Incluso tenía una carrera universitaria. Yo, que soy una persona intelectual, que me gusta la superación personal, pero también atractivo, creo que vi en ella, de una forma inconsciente quizás, mi media naranja.
Ella en principio me respondía, me coqueteaba, pensaba que la tenía en el bote. Era tan dulce, tan encantadora. Todos que la conocían decían de ella que era un trozo de pan. Sin embargo se decidió por otro, alguien que incluso podríamos decir que era un malote, aunque igual ni siquiera era tan malo. En todo caso era lo más alejado a un pijo que se pudiera pensar. No pegaban.

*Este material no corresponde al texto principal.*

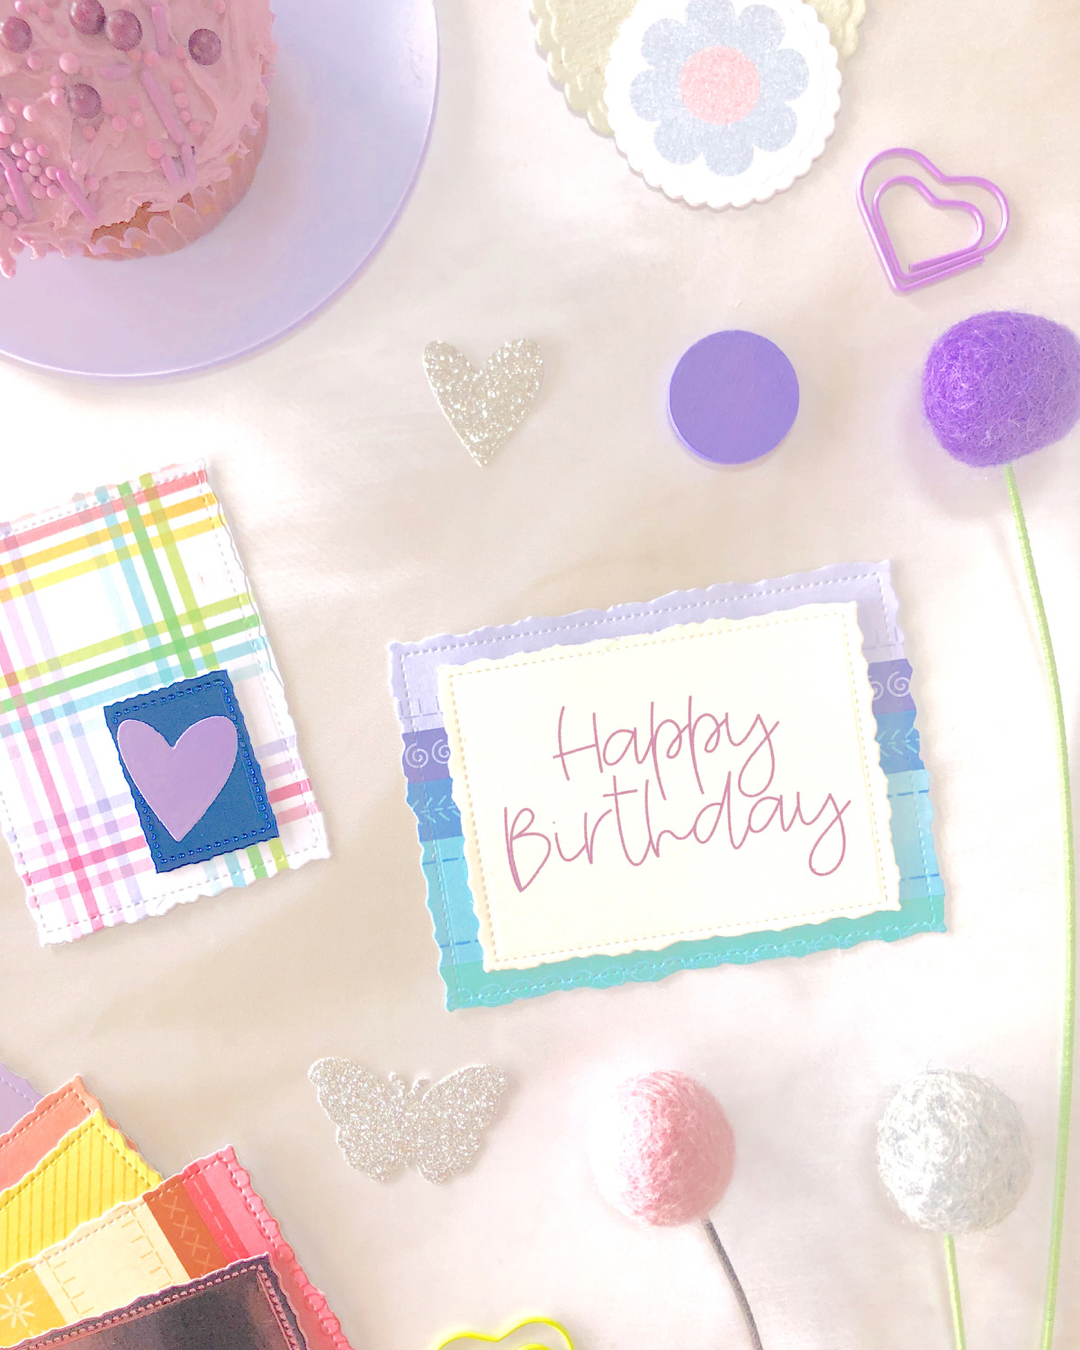 The Birthday Card Craft Kit

Algo no cuadraba. Con todo, quise insistir, no me daba por vencido. Lo digo con frialdad, pero en realidad sufrí. Llegó un momento en que tuve una revelación, por alguna actitud suya: no era tan sensata, ni sabia, ni siquiera tan madura, como había pensado. Y me desilusioné. Renuncié a ella. Y no quise saber más de ella.

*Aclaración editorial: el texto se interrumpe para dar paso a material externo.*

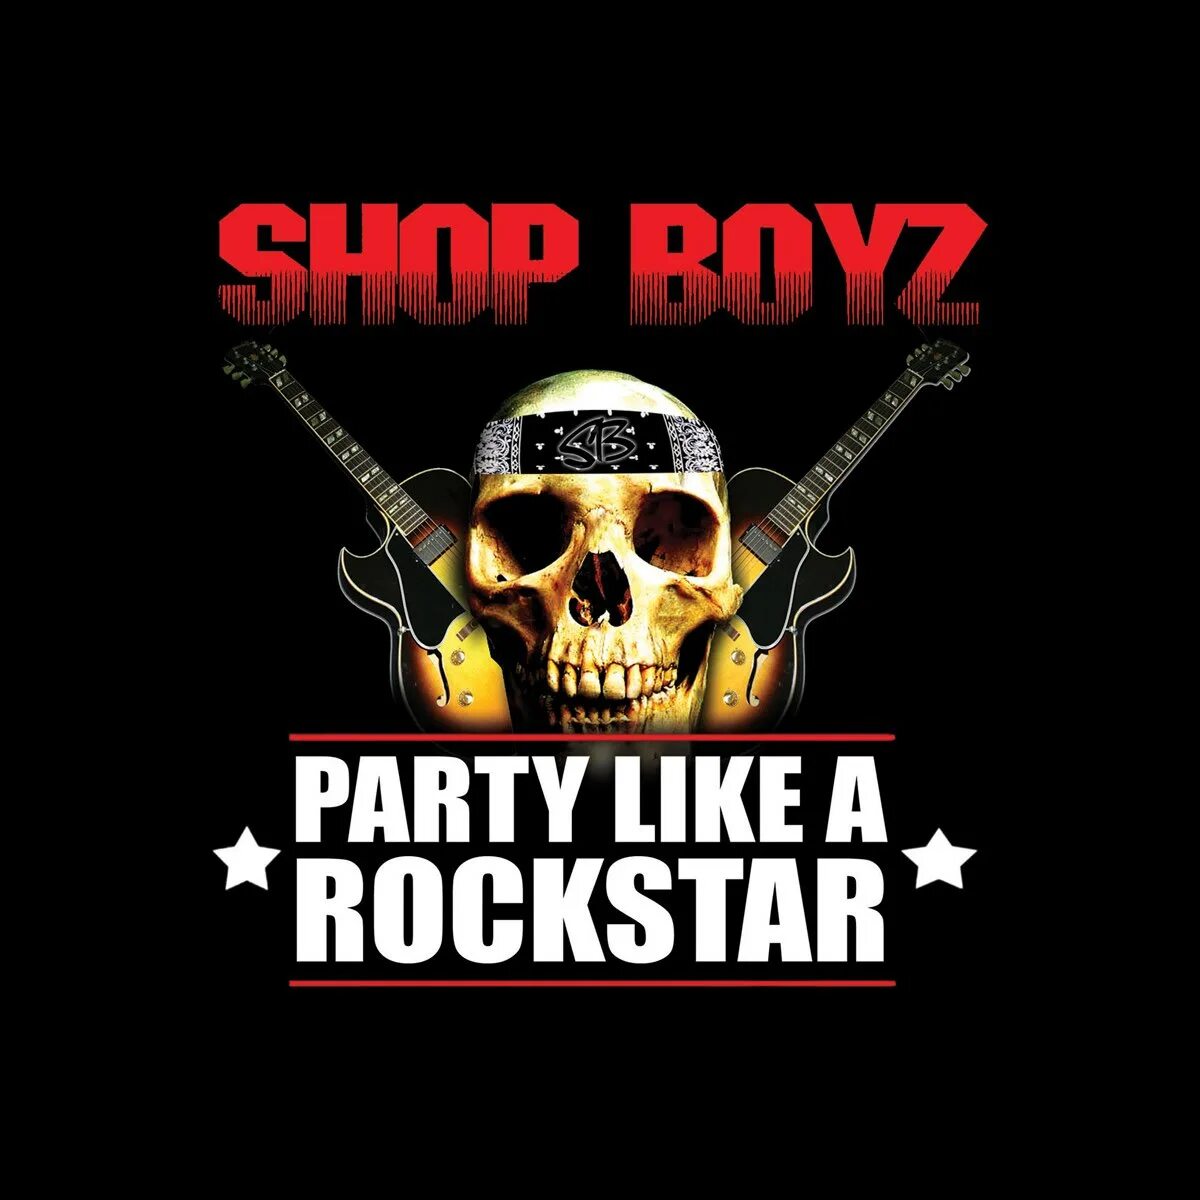 Песня party like a rockstar speed. Shop Boyz Party like a Rockstar. Party like a Rockstar. Shop boys - Rockstar Mentality. Вайт панк рокстар обложка.

De ese hace ya un tiempo largo, y me he dado cuenta de que no querer verla es inútil porque siempre acabo viéndola de nuevo, tal vez una vez a la semana, tal vez sólo una vez en un mes, alguna vez consigo estar dos meses sin verla. Y cada ves que la veo el corazón me da un vuelco y me siento muy triste.
Me pregunté todas las veces por qué me he sentido así. Creo que ésta última vez lo he entendido, quizás porque uno va madurando: comprendo que no tiene todas las cualidades que me imaginé que tenía, pero cuando la veo me hace pensar de nuevo en qué consiste el amor que me hubiera gustado haber vivido. O que ella quizás no fuera la compañera de aventuras ideal, pero hubiera sido la ternura, la pasión, la piel, los besos, las caricias, perdernos en los ojos del otro...
No sé si hubiera sido posible con más insistir, supongo que no por el hombre que ha elegido, que achaco a cierta falta de madurez, o de sentido común. Pero es cierto que cada vez que la veo recuerdo qué quiero en la vida, aunque también creo que es una fantasía. Nadie es así de "perfecto", supongo. Y durante unos días siempre me siento triste y solo.
No sé si alguien ha tenido esta mala fortuna de creer haber encontrado a la mujer perfecta, más allá de las películas, y haber creído que es posible. Y que siempre tengas la sensación de que falta algo, por mucho que hagas, por mucho que busques, por mucho que te autoconvenzas de lo que es real y razonable. Y a veces también, de tanto bajar el listón, por ser realista, te pones en la posición de aceptar y tolerar personas que en realidad no valen la pena.
Sufro de la tortura de haber creído encontrar a la mujer perfecta y haber sentido el amor perfecto, y todavía no he encontrado el modo razonable y maduro de superarlo. De superarlo de verdad.
¿Alguien sabe de esto?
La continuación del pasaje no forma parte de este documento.